As an entrepreneur with a financial background, it’s hard for me to be a proponent of high overhead businesses when I know just how profitable low overhead ones can be. If many SKUs and storage space are integral to your business, you can be strategic about keeping costs minimal and streamlining operations and overhead, but if I wanted to build the least-annoying business, I’d probably try to avoid them as much as possible.
The other week, I had a friend randomly drop in from across the country for a completely unplanned impromptu visit. It wasn’t her plan nor mine, but circumstances put her in my living room, and I was happy to accommodate, despite the Tuesday surprise. However, her coastal stranding coincided with the recent hurricane that shut down all airports and kept her trapped in our rooftop suite for the better part of a week.

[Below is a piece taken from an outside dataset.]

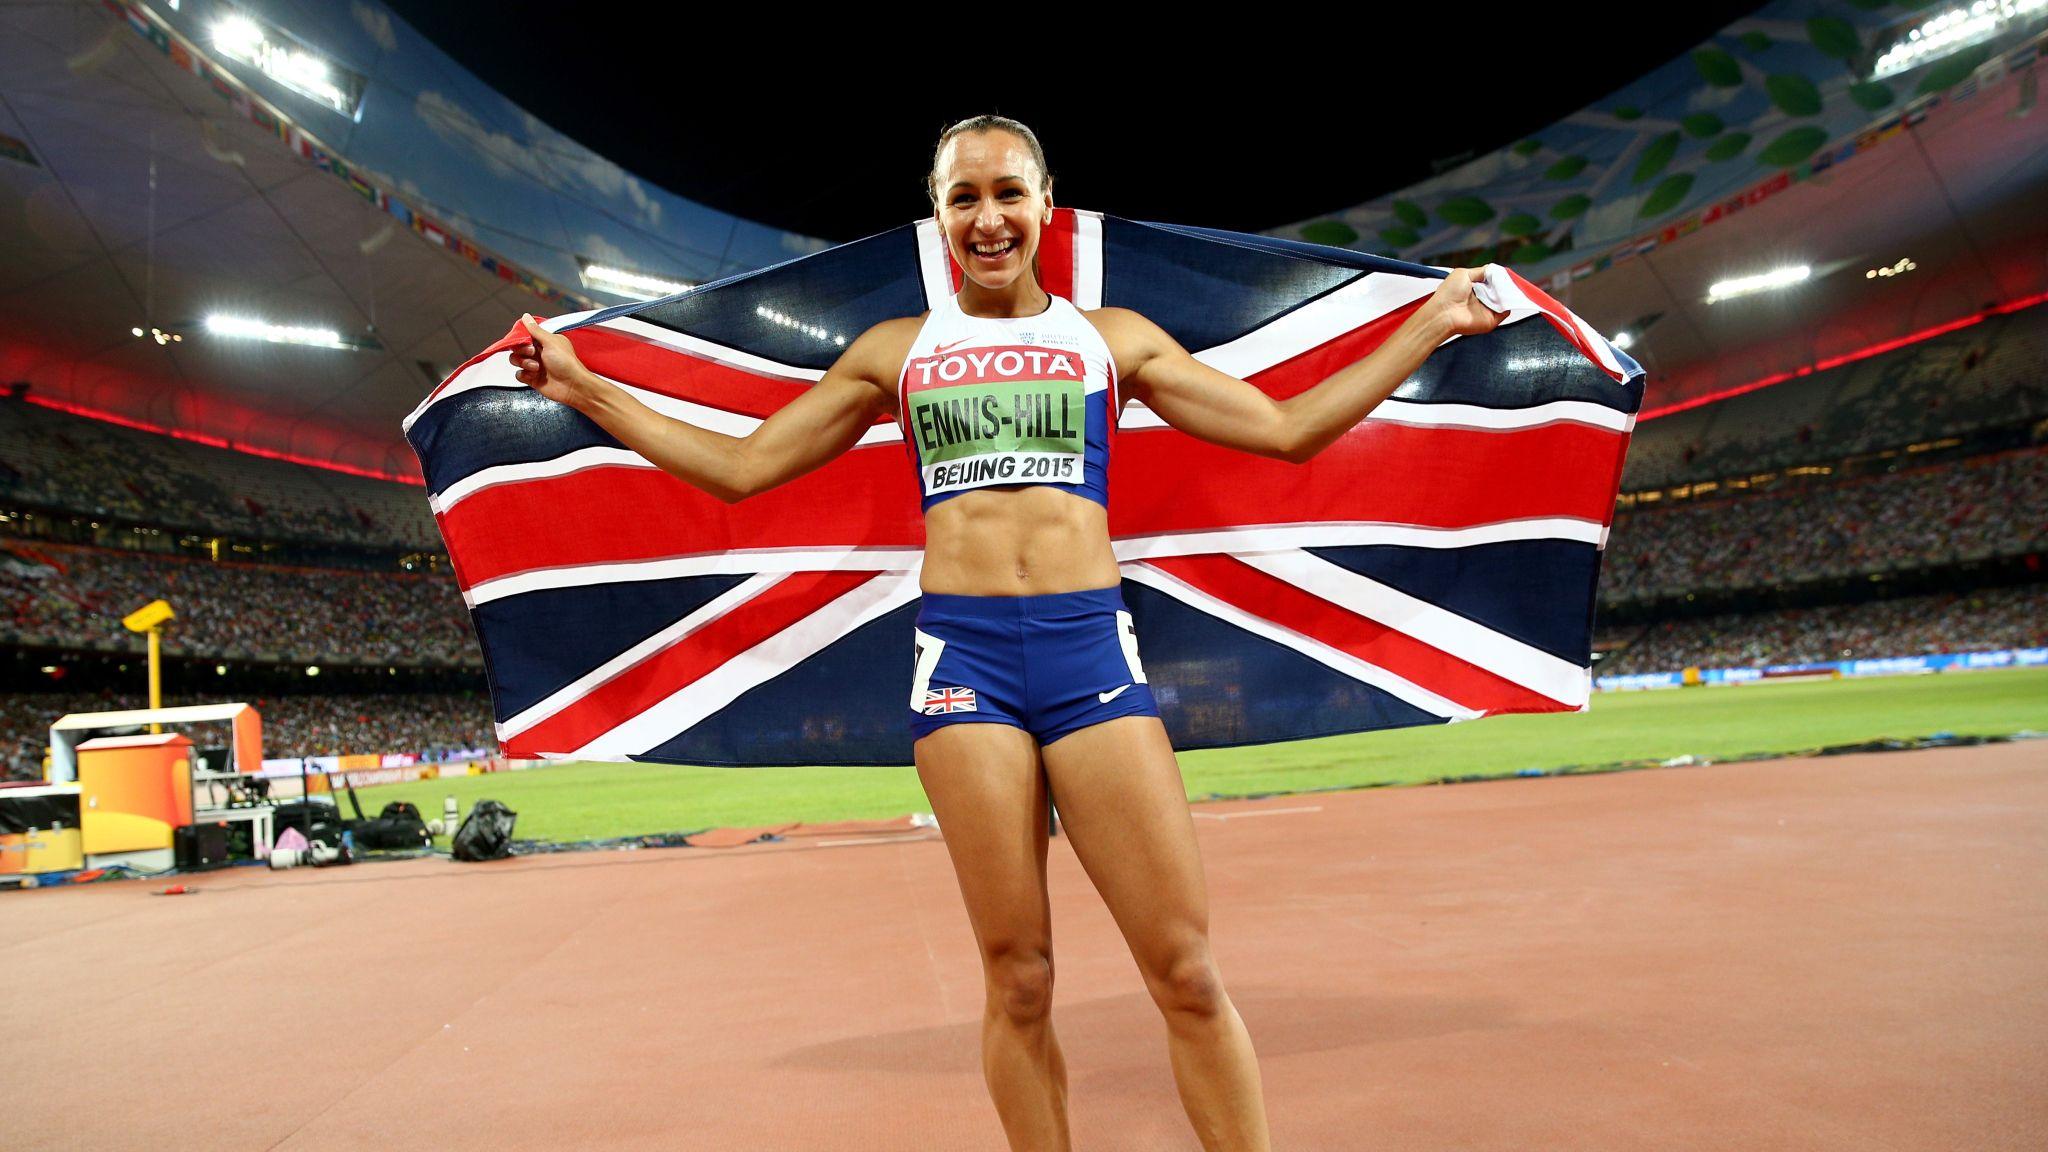 Jessica Ennis-Hill wins heptathlon gold at World

Being that this was a friend from business school who I hadn’t seen in nearly a decade, I was torn between being a great host and being a productive entrepreneur. I probably ended up about 70% host, 30% productive entrepreneur, and I felt guilty the entire time. This friend ironically praised my “work ethic”, though I assure you this was at most 30% to 40% of my usual capacity. Nonetheless, my business didn’t exactly fall apart nor really skip a beat. That’s because I’ve built and attempt to run businesses that are largely automated, so I can actually take a day (or even a week) off without my absence making a dent.

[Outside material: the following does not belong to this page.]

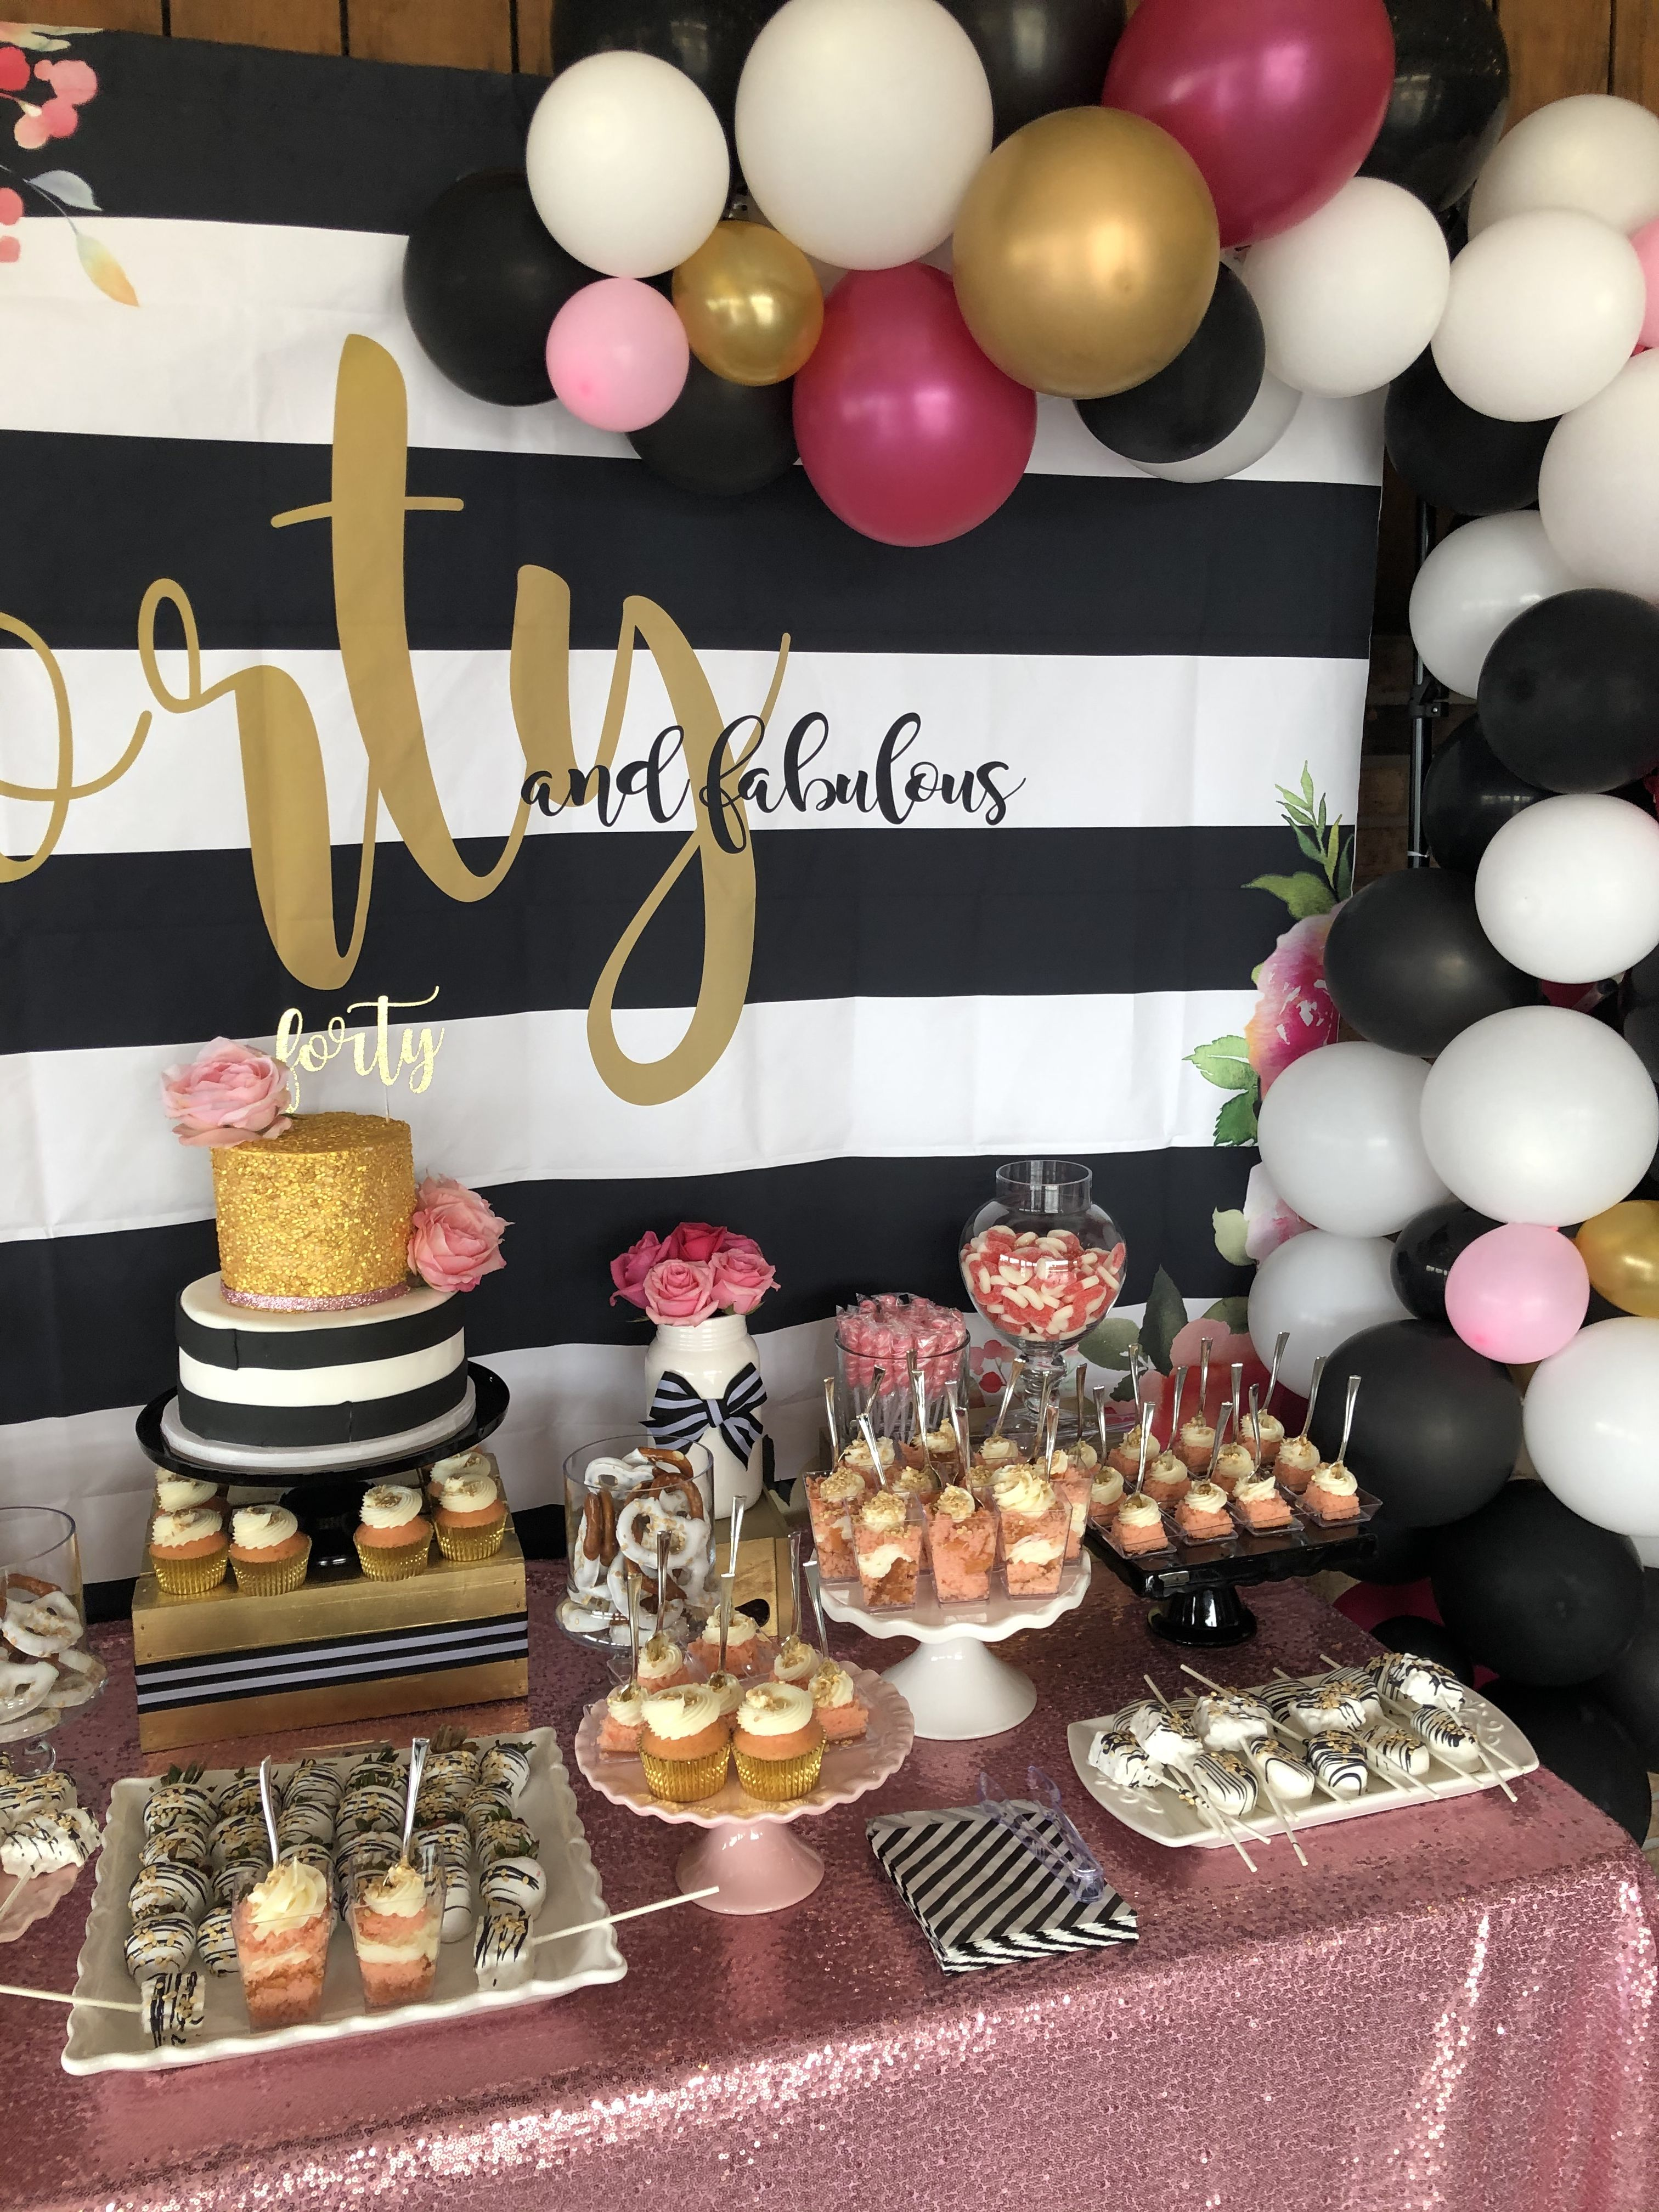 Kate Spade Birthday 40th Birthday For Women 40th Birthday Party Themes Birthday [ 4032 x 3024 Pixel ]

Does that mean I can chill on the beach forever? Sure, in theory, but I wouldn’t, since the time I spend working is dedicated to building new endeavors that definitely won’t automate themselves into existence. Regardless, once they get built, launched, or integrated, they, too, should represent revenue streams for which I don’t actually have to show up.

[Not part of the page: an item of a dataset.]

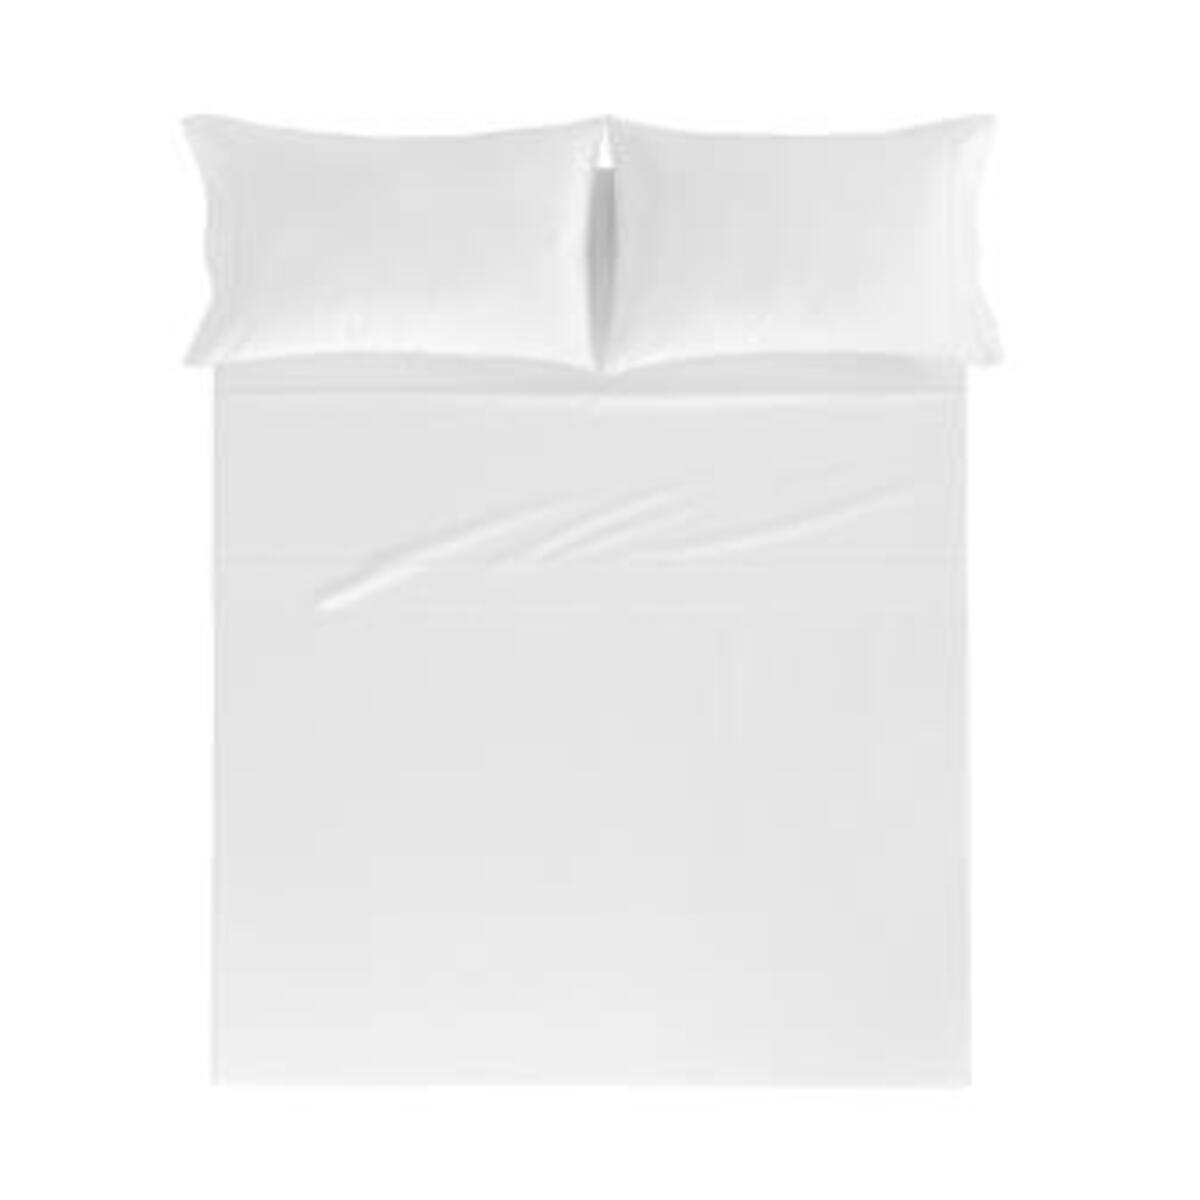 Drap de lit en coton percale blanc 160x280

I’m not telling you to seek out “passive” income over actively selling products or services; I’m simply encouraging you to work automation into your marketing, operations, and sales processes so that your business can run whether or not you show up. This can be in the form of technology, outsourced labor, commissioned salespeople, or many other tactics, but if you want entrepreneurial freedom, it’s a crucial step along the journey.
This last secret may rub some entrepreneurs the wrong way, but I’ve heard this advice echoed from some of the most successful people I know, and I’ve personally tested it myself. I’ve spent $30k+ pre-launch building a platform for products with a $3 profit per sale. I’ve also spent under $1k pre-launch building entire businesses in which the profit per sale always exceeded $500 and in some cases was six times that. It wasn’t easier to build the cheaper product business, but it was a lot harder to make a fraction of the income $3 at a time.
If you catch my drift, the moral here is that I’m not a huge fan of selling cheap, low-value, bottom-of-the-barrel, low-profit-margin products or services. In my humble opinion and experience, it simply isn’t worth it. Once you’ve gone through the headaches of building something from the ground up and seen firsthand the difference in the single-digit profit rewards versus the higher-ticket sales, it’s pretty hard to go back and get excited at $3 a pop.
Again, this isn’t blanket advice for pricing across all products or industries; it’s simply a suggestion to make your entrepreneurial experience a little (well, a lot) more enjoyable. You want to build a business that’s immensely valuable for your customers, and that’s only going to happen if you’re willing to give it your all for each and every customer. Are you willing to give it your all and get out of bed for $3? If not, you’re doing both yourself and your customer a major disservice.